French dairy cooperatives will therefore face a crucial choice. Either they decide to take the bull by the horns and organize, by homogeneous territorial entity, their rapprochement with the existing POs in order to gradually integrate the producers of the latter as co-operators. Either POs will be formed within the cooperatives and these POs will be organized into a Producer Organization Association (PDO) at the basin scale and the cooperatives will then specialize in their transformation activities, as in the United States.

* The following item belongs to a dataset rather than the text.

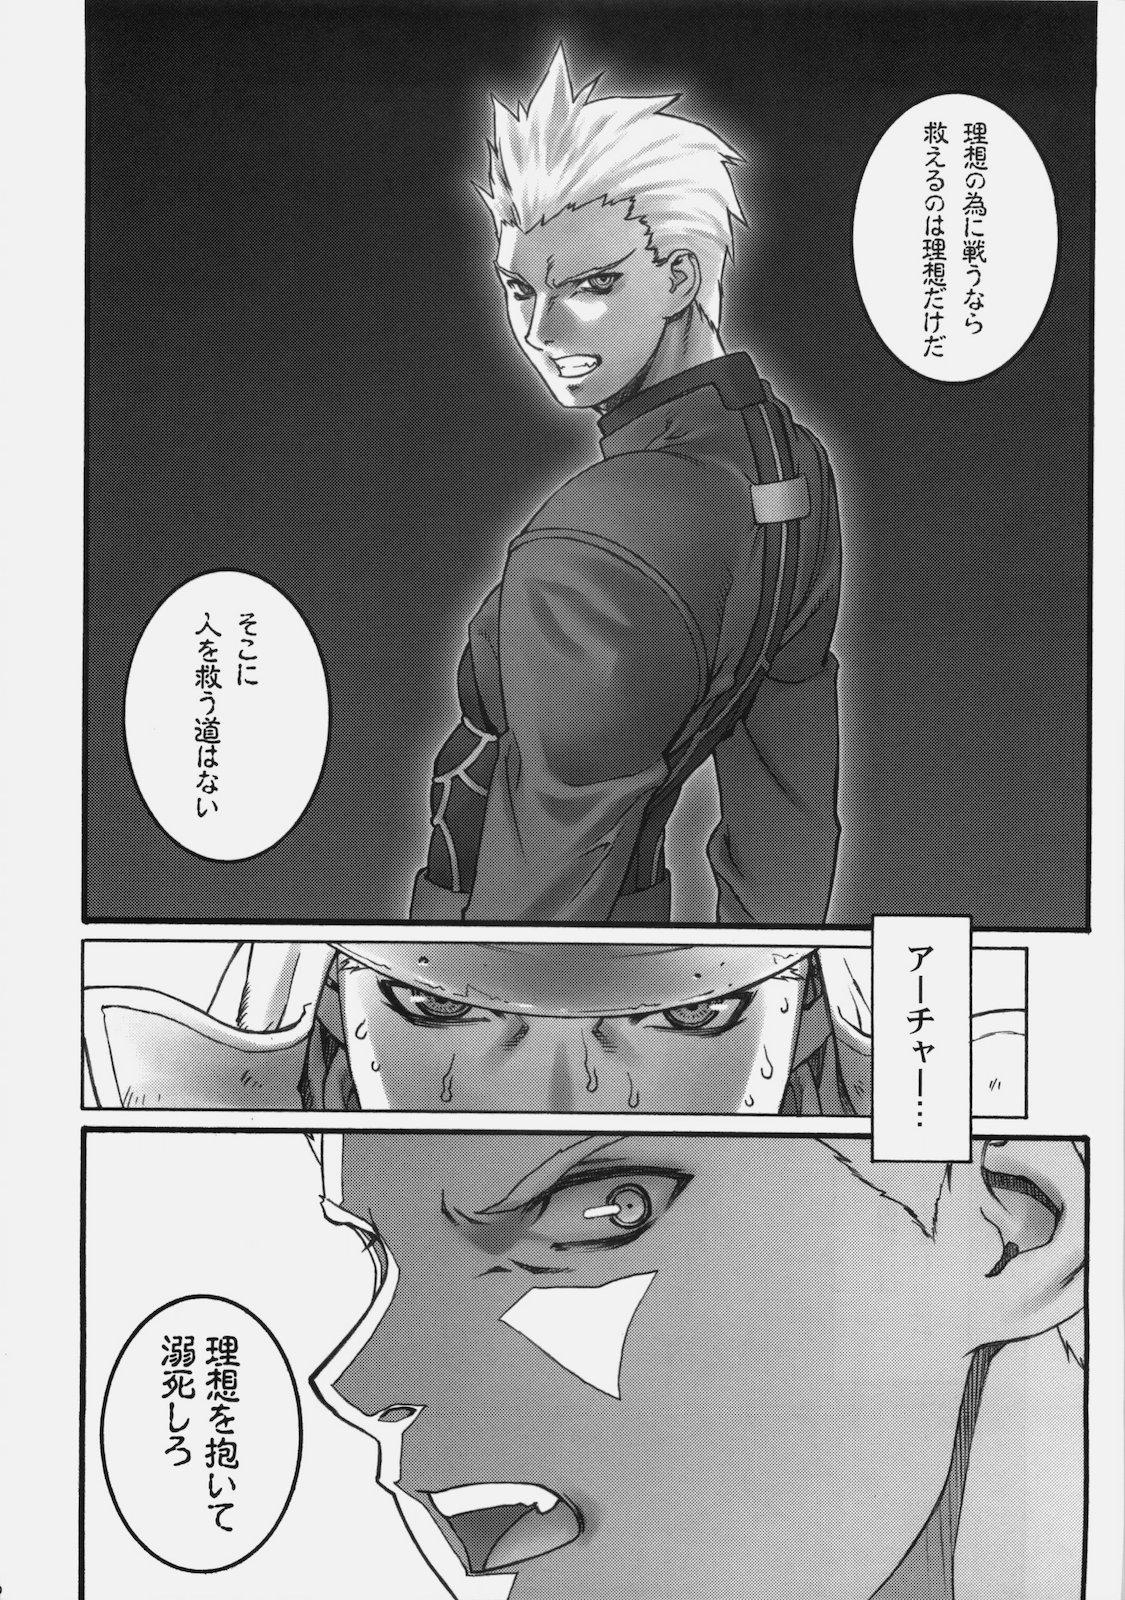 Orgame Theater of Fate - Fate stay night Korea - Page 11

It would then come out of the paradoxical situation of the French dairy farm where, on the one hand, a half of producers is well organized in cooperatives whose valuations of milk are average, and on the other hand, half of barely organized producers. in POs with no real bargaining power over highly placed processors in higher value-added segments.

It is therefore crucial that dairy producers get mobilized now to anticipate the next CAP reform and work towards the reorganization of production in order to be at the heart of the management of volume management and the sharing of added value within of the sector.